According to Amnesty International’s secretary general, Agnès Callamard, “Many vulnerable, lower-income states have been overwhelmed by economic shocks, debts they cannot pay, and the effects of climate change – a crisis to which they contributed very little, but which is costing people in these countries dearly,”
“These are unprecedented challenges that require a rethink of how the world’s financial architecture is set up,”
Speeding the transition from dirty to clean energy and helping emerging and developing economies cope with and prepare for devastating climate impacts are high on the summit agenda.
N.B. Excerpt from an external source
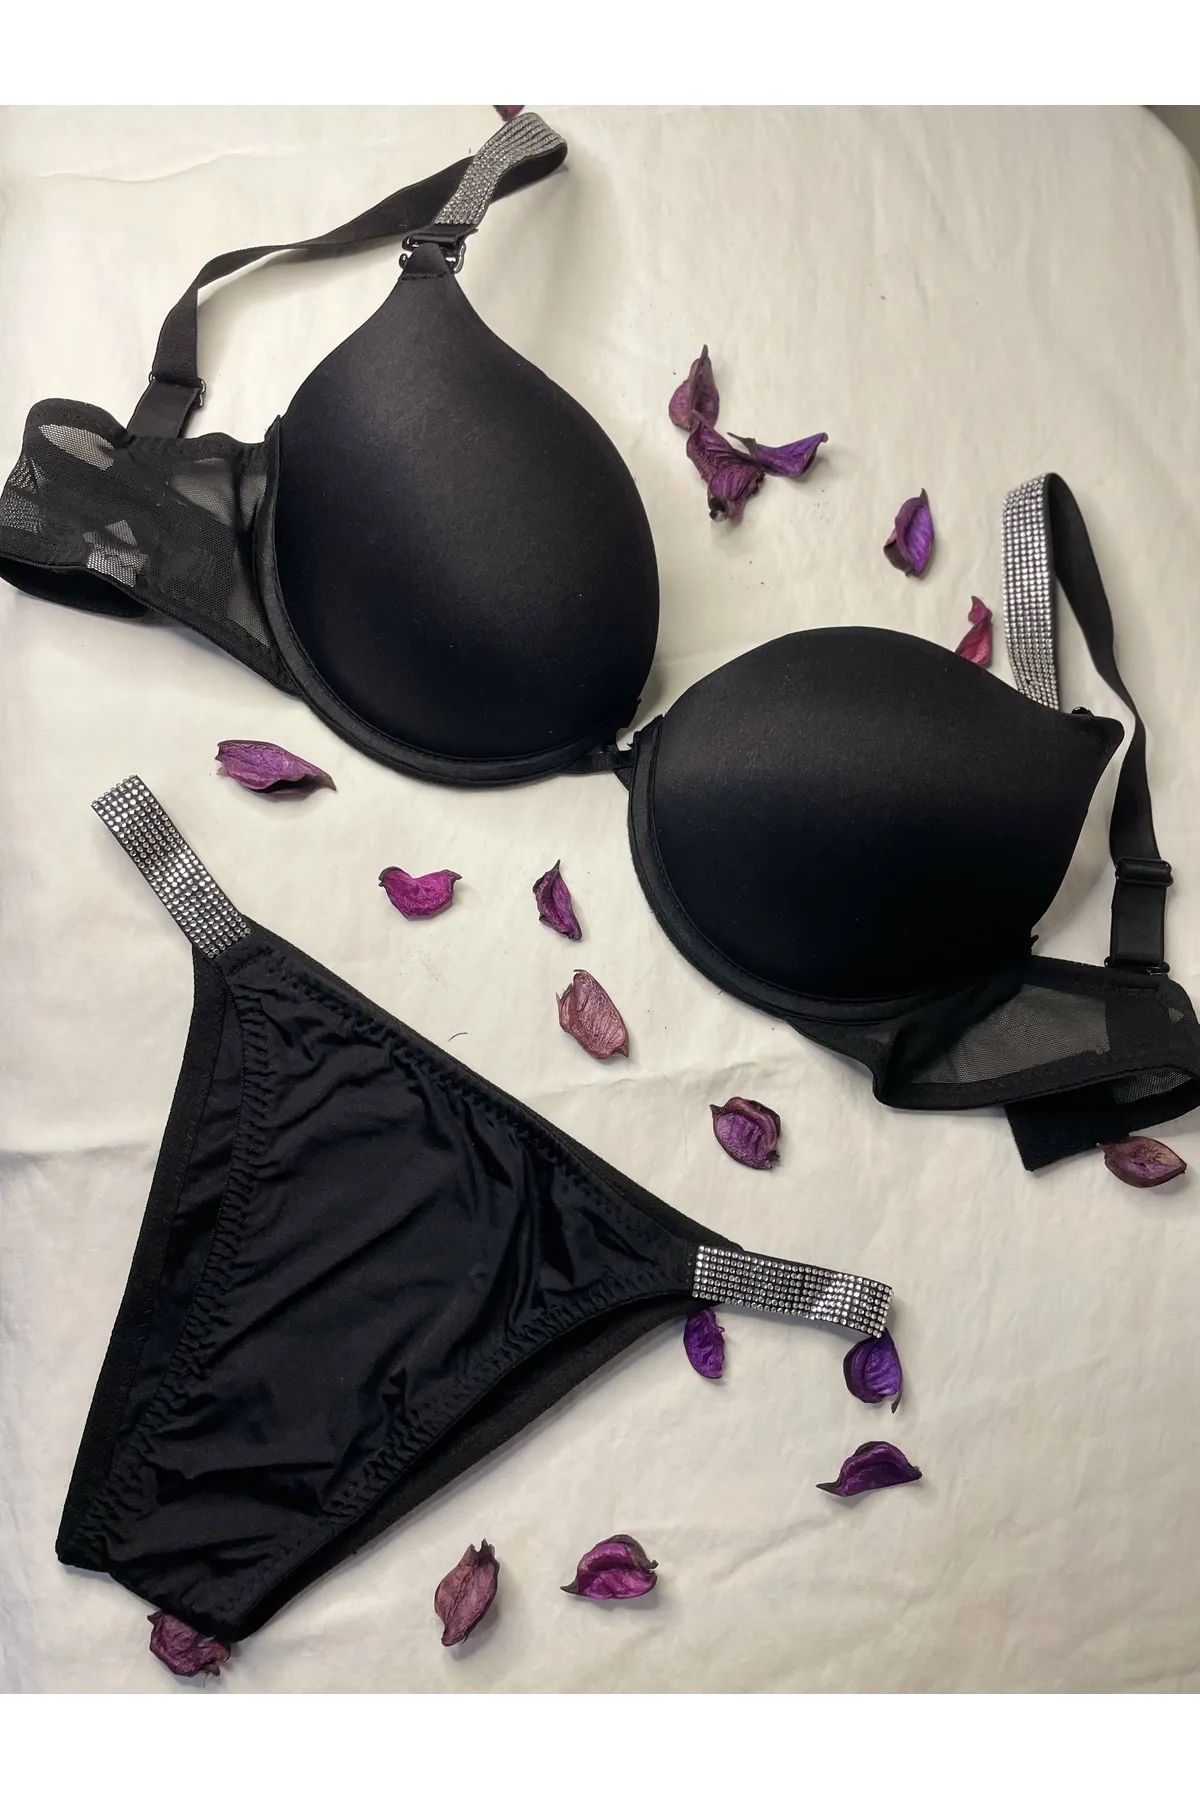 Super Push Up Sexy Bras Set Transparent Underwear Lingerie Lace Bra &  Matching Panty for Women, black : : Fashion

Nearly 800 million people lack electricity and 2.4 billion have no access to clean cooking fuels, most of whom reside in poor and emerging countries.
Under current policy trends, one-third of the rise in energy use in these nations over the next decade will be met by burning fossil fuels, the main driver of global warming, the IEA warned.
According to Birol, investments in clean energy are increasing, but “the bad news is that more than 90 percent of that increase in clean energy since the Paris Agreement in 2015 comes from advanced economies and China.”
To unlock the potential for clean energy in emerging and developing economies, the report emphasized the need for greater international technical, regulatory and financial support.
Based on the IEA’s report, two-thirds of the financing for clean energy projects in emerging and developing economies excluding China “will need to come from the private sector” because public sector investments are “insufficient to deliver universal access to energy and tackle climate change”.
According to the IEA report, there is potential for rapidly ramping up renewable energy. Solar power is now the cheapest source of electricity generation across almost the entire world.
At least 40 percent of the global solar radiation reaching the planet lands on sub-Saharan Africa, and yet nearly 10 times more solar capacity was installed in China last year than across the entire African continent.